Bunlar Risale-i Nur’un çok mühim, çok önemli  ve kritik yerleridir. Çok kesin ibarelerdir. Demek ki ancak ehli kalp ve sahibi hal üstadın beyanatlarından istifade edebiliyor. Üstad hazretleri onların derecatına göre Kur’an’ın feyzinden istifade ederek onlara bir şeyler söyleyebiliriz diyor. 

Ehl-i Kalp ve Sahib-i Hal İstemekle mi Olur?

Eh-i kalp istemekle değil ama sahib-i hal çalışmakla olur. Yani çalışmanın yeri var. Sahib-i hal olmak Salih bir kimse olmak demektir. Ubudiyet ve hizmetinde ciddi olan kişilere Salih yani Sahib-i Hal denir. Sahib-i hal olan kişinin dünyadan ziyade ahiret endişesi vardır. Böyle olan kişi sahib-i haldir ve bunda çalışmanın yeri vardır. Fakat ehl-i kalp olmak Allah vergisidir. 

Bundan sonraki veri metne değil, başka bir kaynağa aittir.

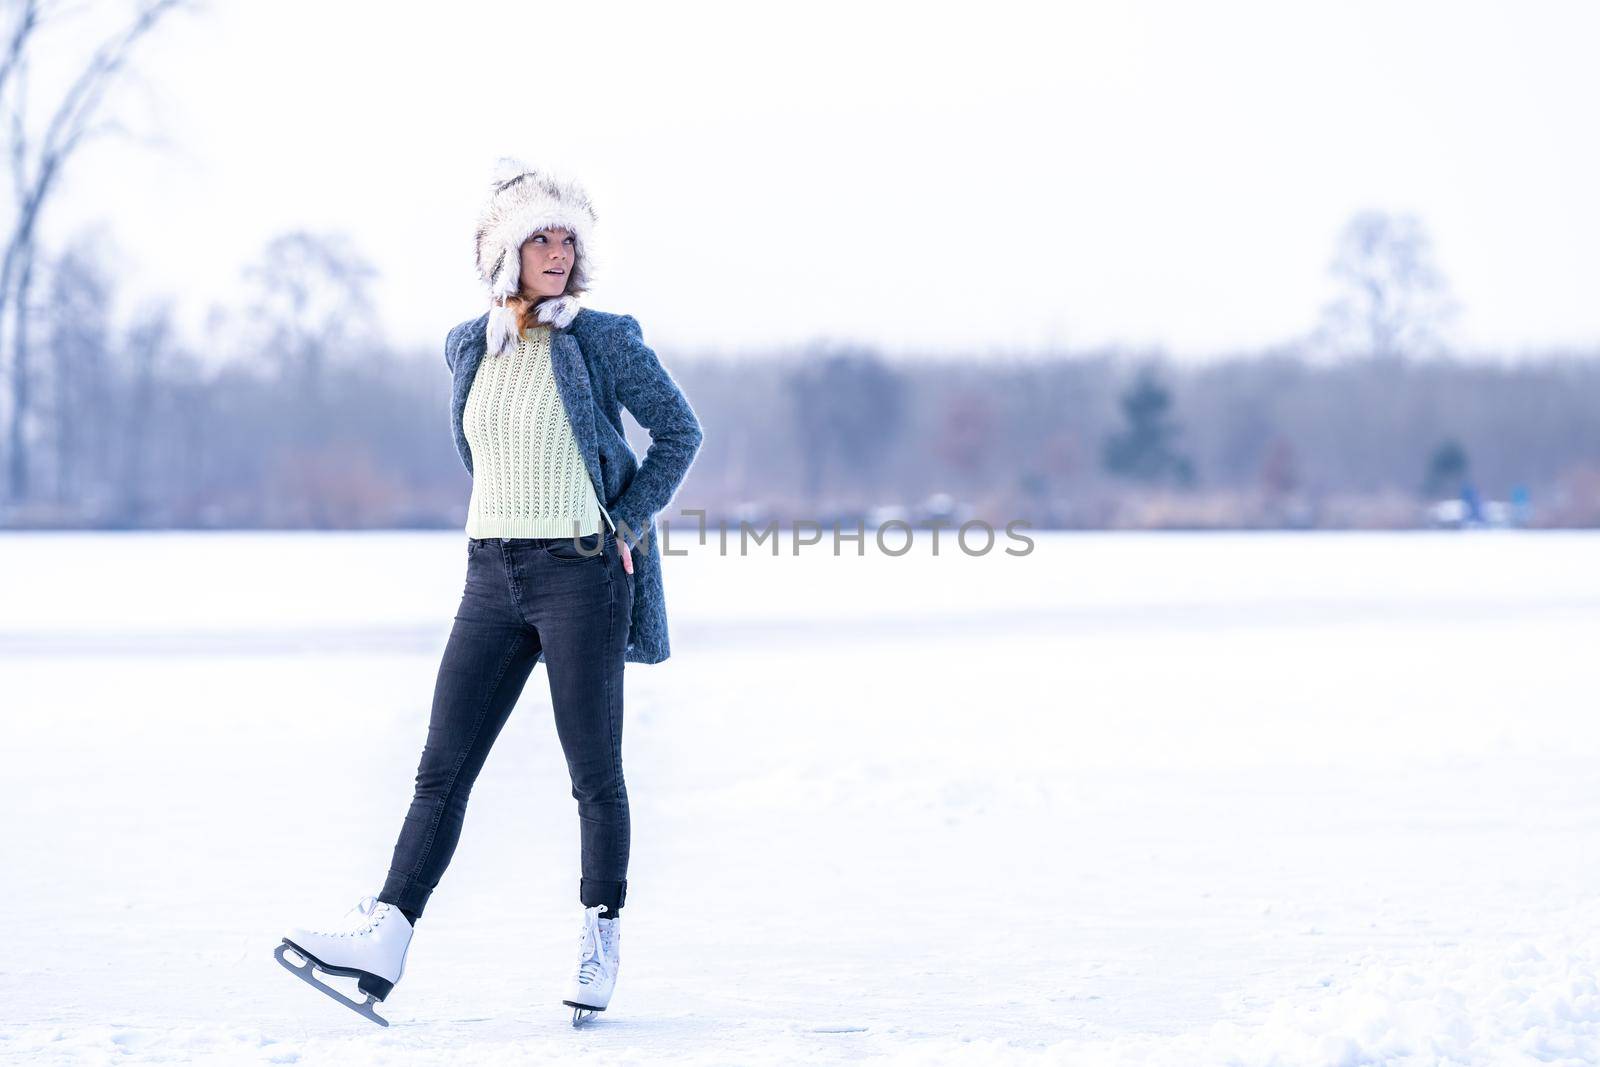 Gorgeous woman skating on frozen lake in winter by Edophoto
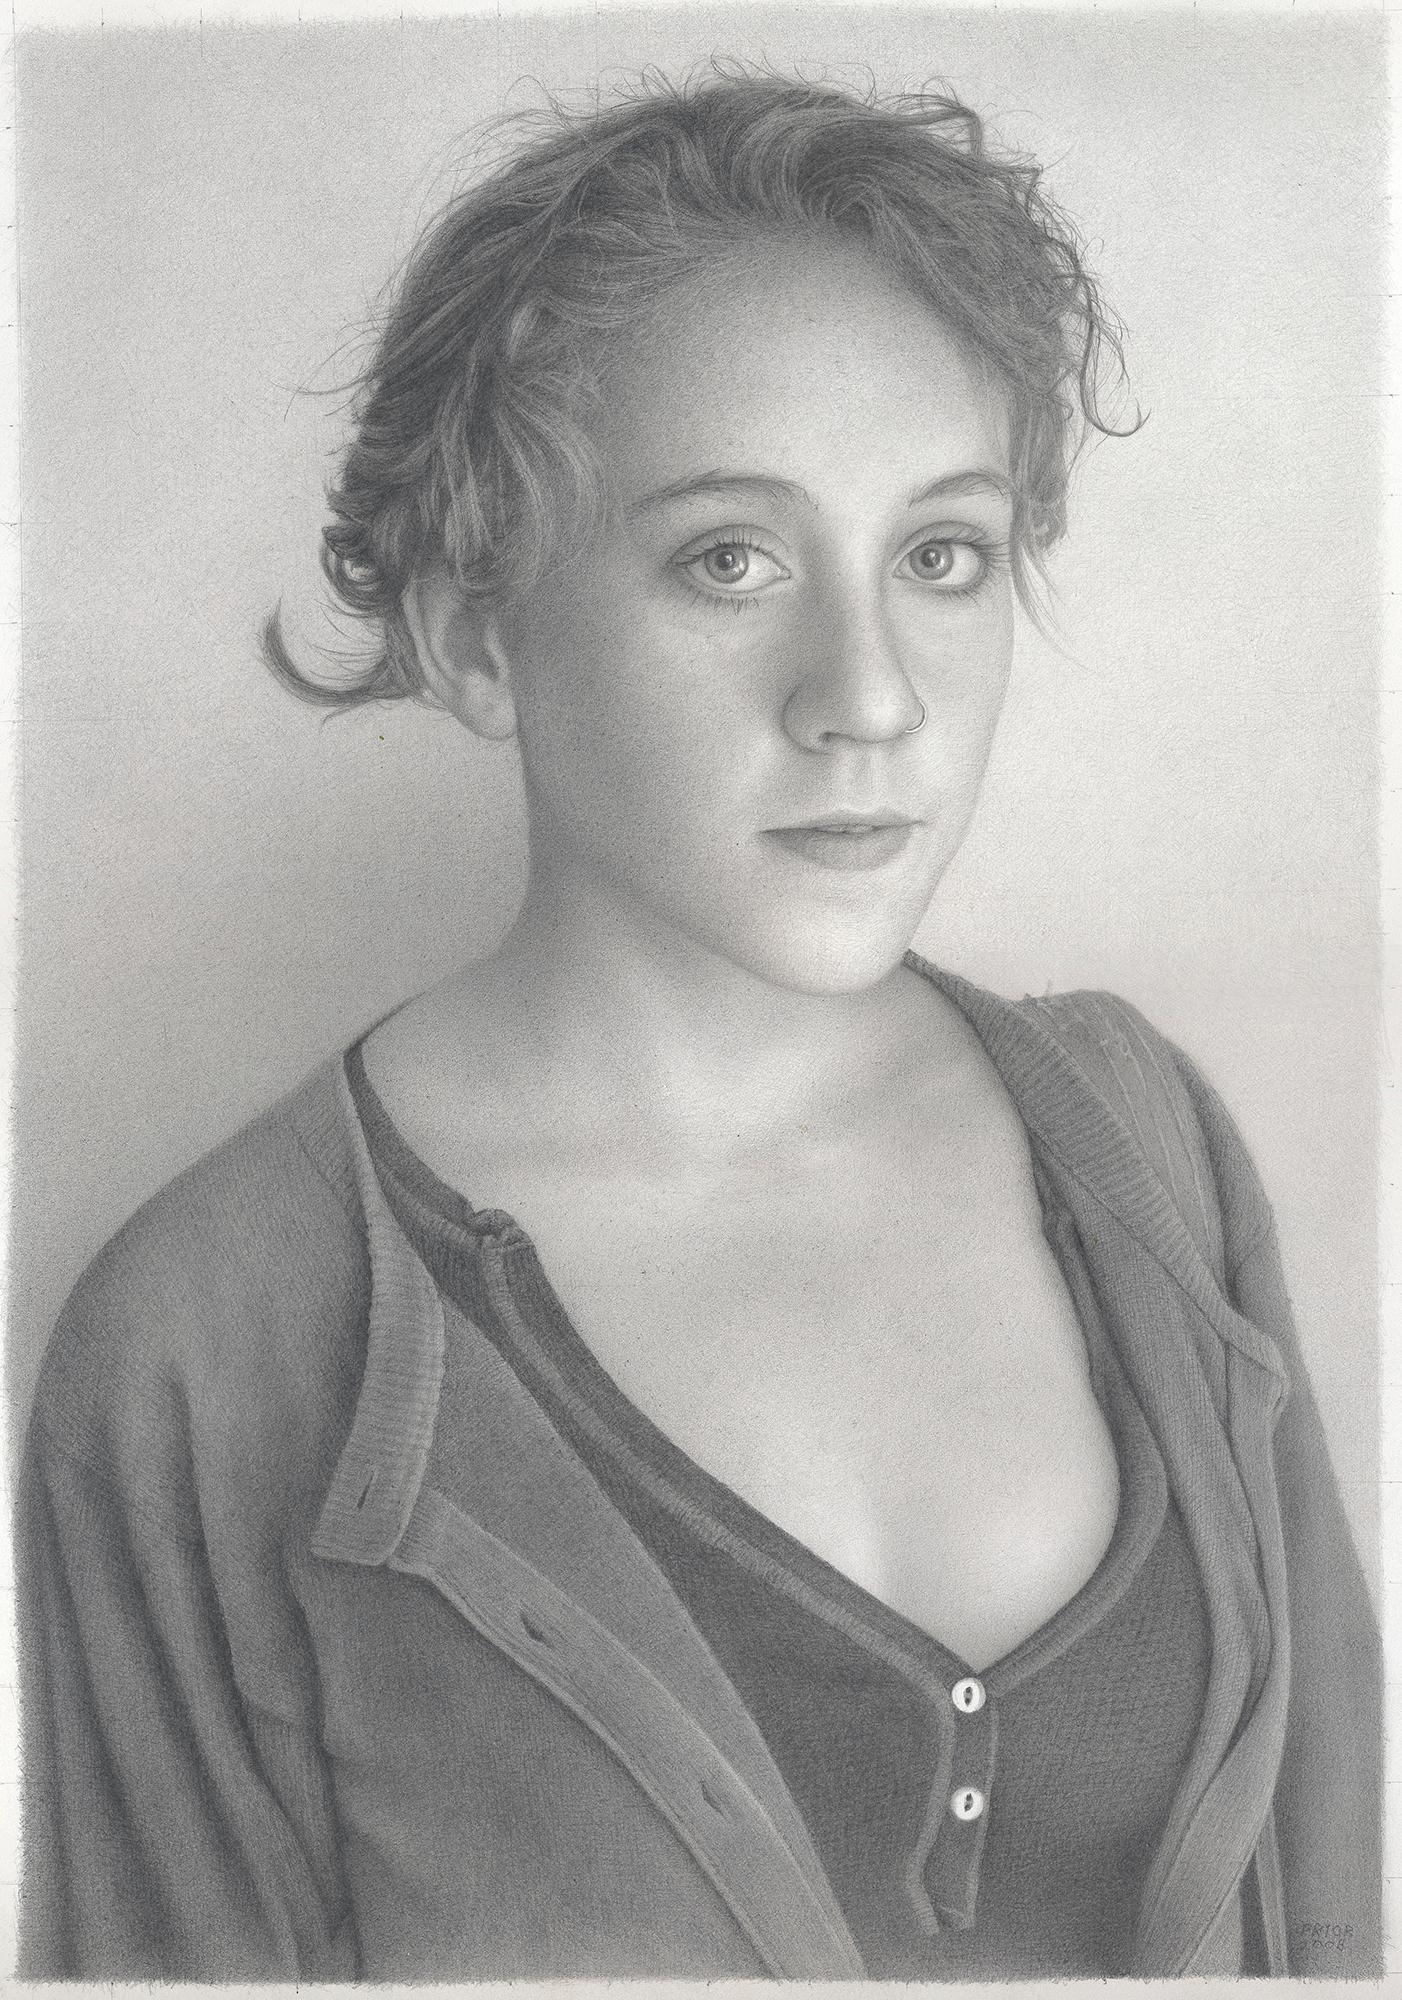 Scott Prior Figurative Art - Realist drawing of a young woman "Nellie" graphite on paper

Ehl-i Kalp ve Sahib-i Hal Olmanın Emare ve Belirtileri Nelerdir?

1024x683 1 1

Onu ehli olan zat bilir. Bunu ne ben bilirim ne de sen bilebilirsin. Bu sebepten dolayı o mübarek zatların huzurunda sohbete katılmanın çok ehemmiyeti vardır. Kurak bir iklime kaldık ne yapalım? Mehmet Feyzi Efendi bazılarına ehl-i kalp diyordu. Hulusi bey de diyordu. Her ikisinden de şu kişi ehl-i kalptir dediklerini duydum. Söylediğim gibi kimin ehl-i kalp olup olmadığı bu gibi zatların bilebileceği bir şeydir. 

Lakin kişi kendisinde şunu görebilir. Risale-i Nur kendisinde ne mana ifade ediyor? Şöyle basit bir misal ile söyleyeyim. Baban, kardeşin, amcan, dayın, amca ve dayı oğulların gibi en yakın akrabaların ile birlikte bir odada oturuyorsun. Senin o odada bulunanların her biri ile yakın akraba olduğun halde her birine karşı farklı şekillerde alaka-i merteben vardır. Babana karşı farklı bir alaka-i merteben vardır. Kardeşine daha farklı, amcana ve sırayla diğer tüm yakınlarına farklı farklı alaka mertebelerin vardır. Onların da sana olan mukabeleleri ve münasebet tarzları bu alaka-i mertebeye tesir eder. 

Sen insan olarak şunu anlarsın. Risale-i Nur kendisi için hangi alaka-i mertebededir. Kısaca Risale-i Nur senin için hayatın neresindedir? Bunu en iyi sen kendin bilir ve hissedersin. Risale-i Nur senin hayatının neresinde hayatının ne kadarını işgal ediyor? Risale-i Nur senin amca oğlun mu kardeşin mi baban mı?  Risale-i Nur’a alakan ne kadar? İşte bu alakadarlığın kuvvetiyle kesin olmasa bile Allah’ın inayetiyle “Rabbim bana ehl-i kalp olma tarafını” vermiş diyebilir.  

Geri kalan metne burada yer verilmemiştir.